I closed my eyes against this information and called back the piano concerto. To my relief, the balanced blend of piano and orchestra came to mind, and I mentally wrote the first eight bars on music sheets. When I opened my eyes, my hands were fisted in my short hair. I let go and pulled the sheet back up to cover my bare chest. “We were drugged.”

“That is also the conclusion I had come to. What I don’t understand is why? And who? And why here? God, I have too many unanswered questions and I still have a hell of a headache.”

“Are you sure it’s been three days?”

He nodded and immediately winced. If his headache equalled mine, any movement should be attempted with great care.
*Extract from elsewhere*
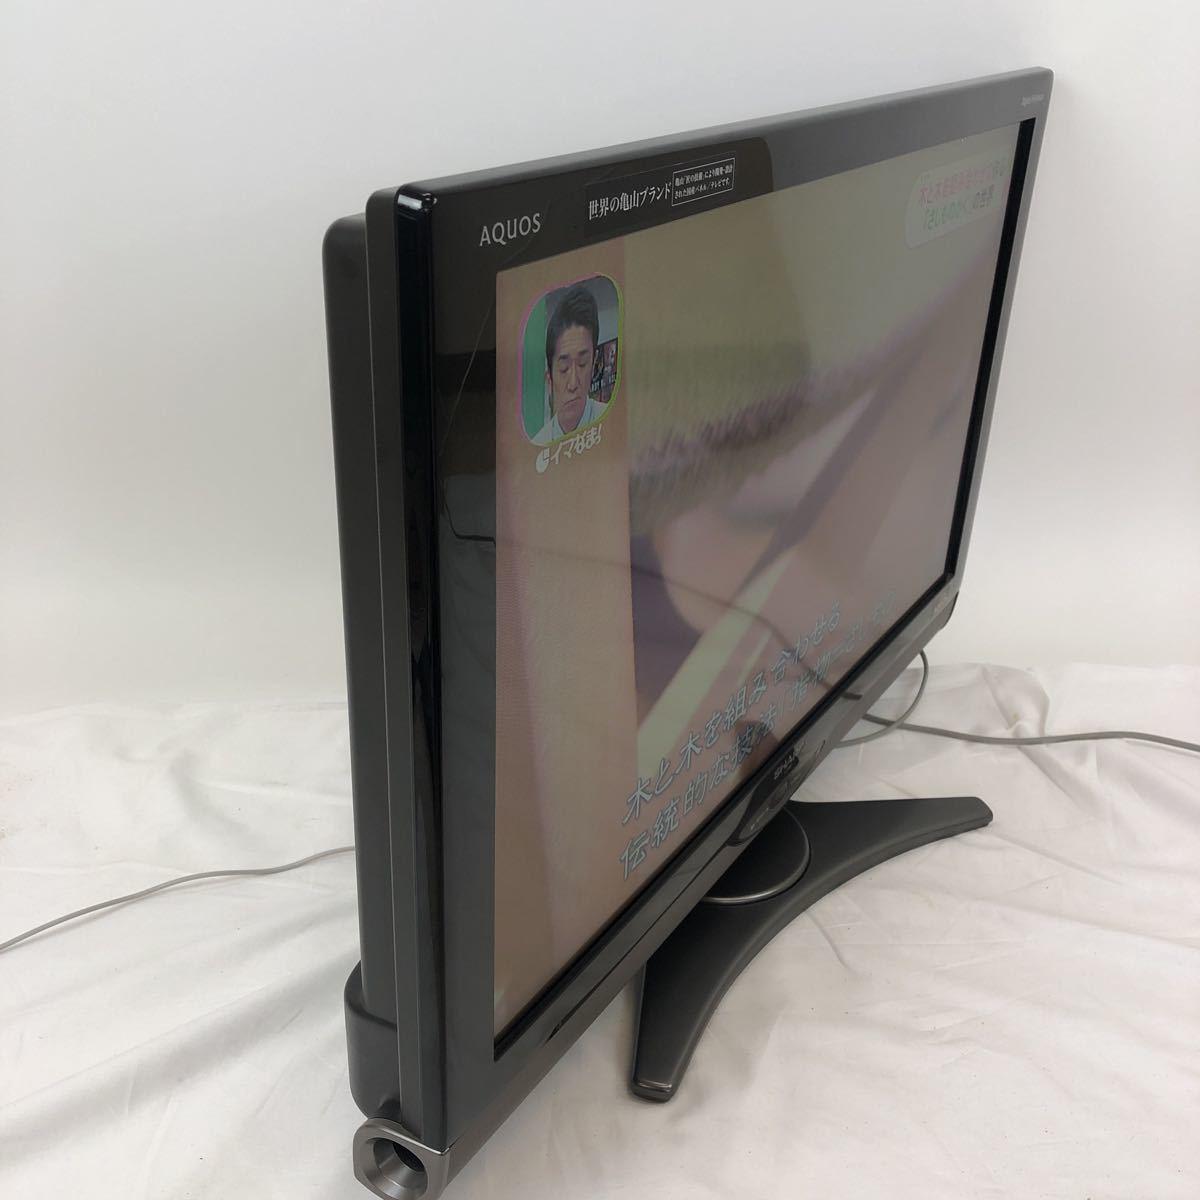 SHARP シャープ 32V型 液晶 テレビ AQUOS LC-32SC1 ハイビジョン_画像2

“That means whoever drugged us had to keep on drugging us.” Fear of the unknown things that were done to us tightened my throat. I had an unfortunate knowledge of medication that could result in the loss of consciousness. And the loss of memory. My parents had often agreed to prescriptions in the hope of curbing my disorder.

“They had full access to this place. Jenny, I swear to God I had the best alarm system installed here. It is a complex system that is still fully functional. I checked it while you were sleeping.” His expression changed to deeper concern. He swallowed twice. “I think we were given the date-rape drug.”

“A benzodiazepine?’ Dismay flooded me. This was what I had suspected, but hearing it made it real and terrifying.

“If that is the date-rape drug, then yes.”

“That would explain the anterograde amnesia.” In my case, memory loss was the only side-effect that could remotely be considered beneficial. My experience with benzodiazepines had not been positive at all. I was in the one percent of paradoxical patients who experienced the opposite effects to the intended purpose of these drugs. The general public did not know their treatment value beyond Rohypnol, famed for its use at parties.